Our team will convert your DNA sample to cDNA by random priming and include amino-allyl conjugated dXTP to label the cDNA with amino-allyl moieties. We will assess the quality and yield of the cDNA and proceed with template preparation only if the cDNA yield is greater than twice the amount of input DNA and the cDNA size distribution is approximately 100-400 bp (determined by a single strand DNA chip on an Agilent Bioanalyzer).

Next we couple fluorescent dyes to amino-allyl moieties and purify the fluor-coupled cDNA. Our team will assess the extent of dye incorporation spectrophotometrically to be certain that your sample qualifies for MYcroarray hybridization. Our job is to make sure that our sample preparation process has resulted in high quality labeled cDNA from your sample. Based on our experience, high quality template may be the most important parameter for successful outcome from microarray experiments. If the labeled cDNA fails our quality control analysis, we will repeat the sample preparation process with no additional cost to you.

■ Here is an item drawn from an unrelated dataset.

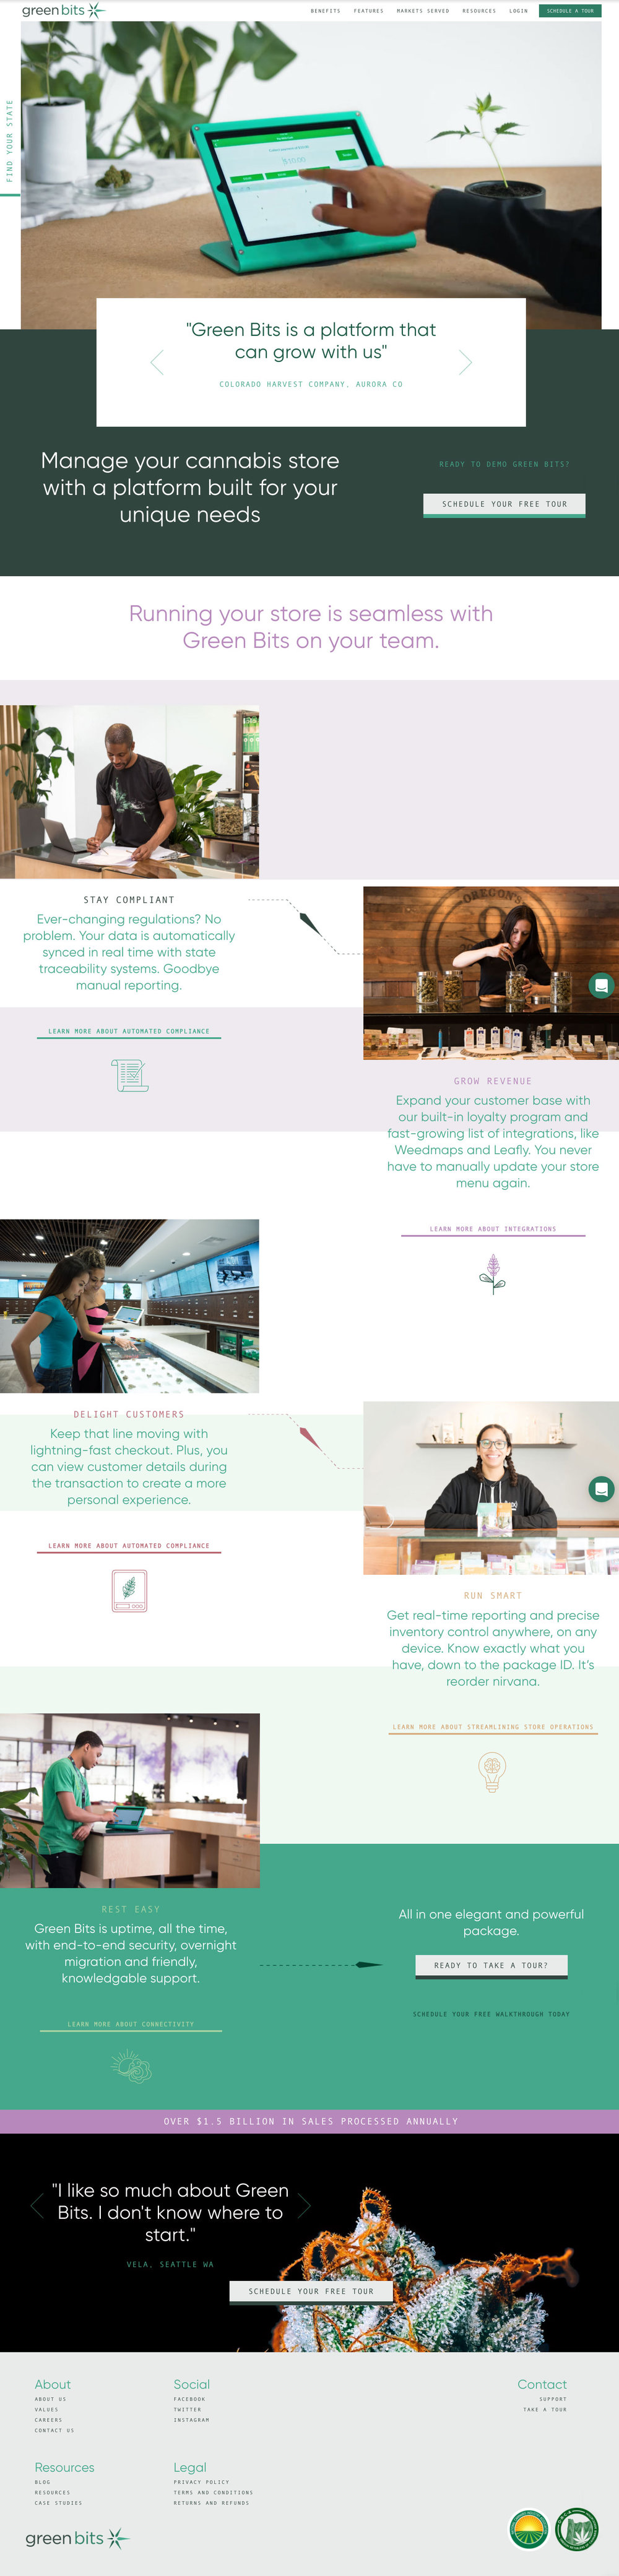 greenbits-site.jpg
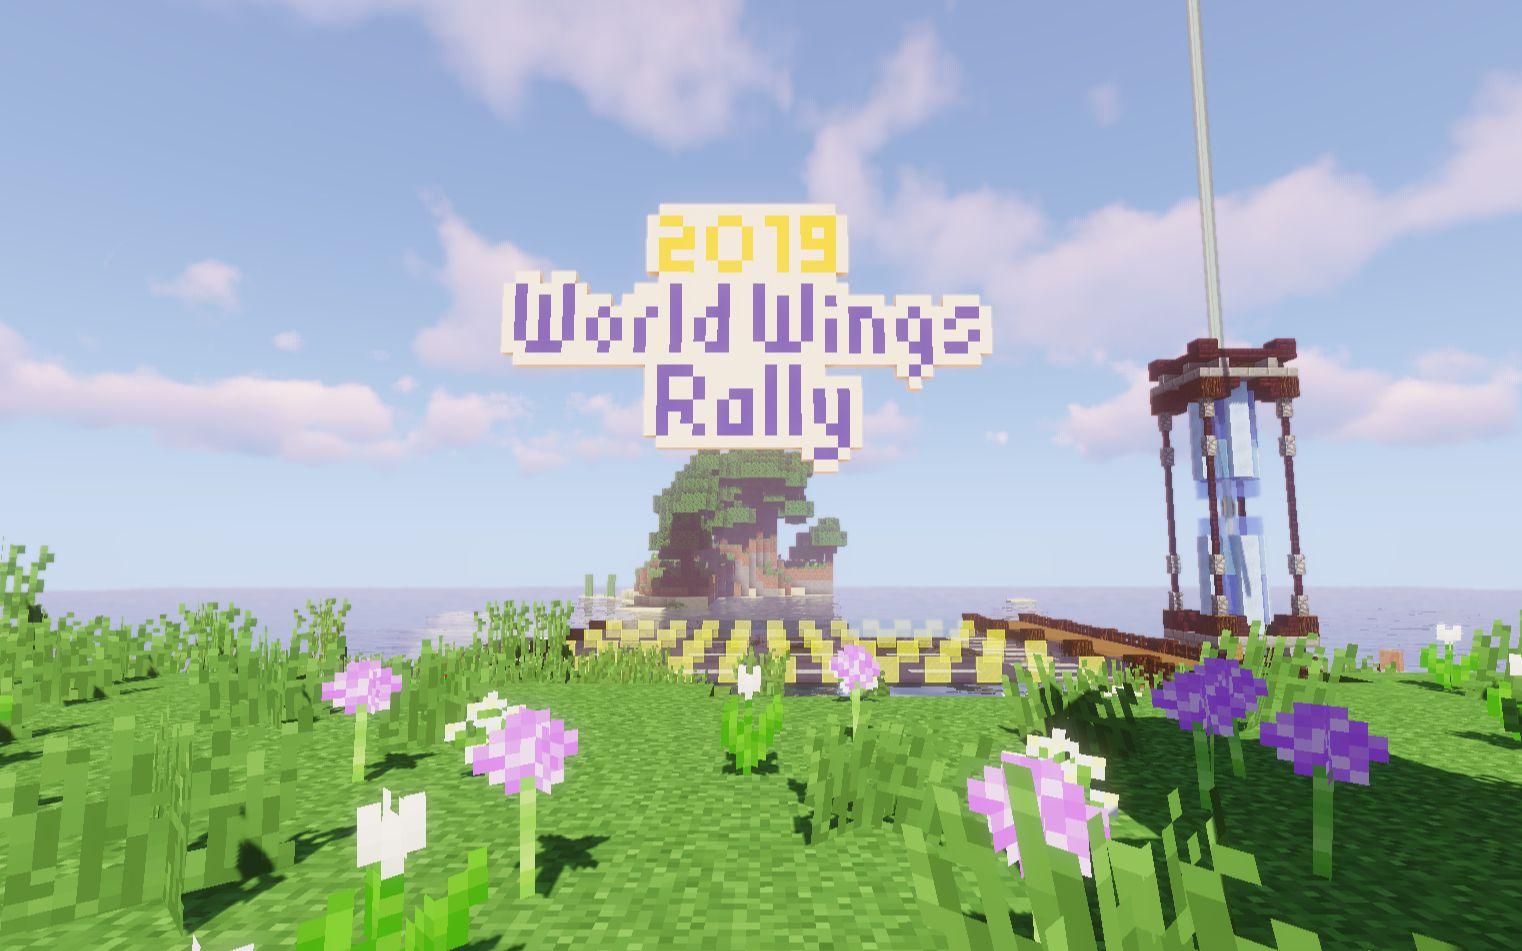 [NyaaCat] 喵窝 Minecraft 服务器 2019 夏日祭 飞行拉力赛试飞实况

For each experiment, either a two color competitive hybridization on one array or two single color hybridizations on two arrays may be performed upon your request. The cost of generating the labeled cDNA from each sample is the same regardless of which experimental format (one color or two colors) is chosen. Our customers can custom design their own experiments by indicating how many technical replicates of both probes and arrays are desired. Our team has many years of experience in the design of microarray experiments and we can offer our advice if requested.

For each MYcroarray hybridization, we will provide an image (.tif) of the MYcroarray on a CD. In addition, the raw data extracted from each image by GenePix Pro (v6.1.0.4) as well as a gene annotation file will be provided in the different formats (.txt, .gpr, .xls). Our basic service also includes array normalization, background correction and an estimation of the presence or absence of each gene ("Present" call) surveyed by your custom MYcroarray. More advanced statistical analyses may be requested for additional cost (inquire).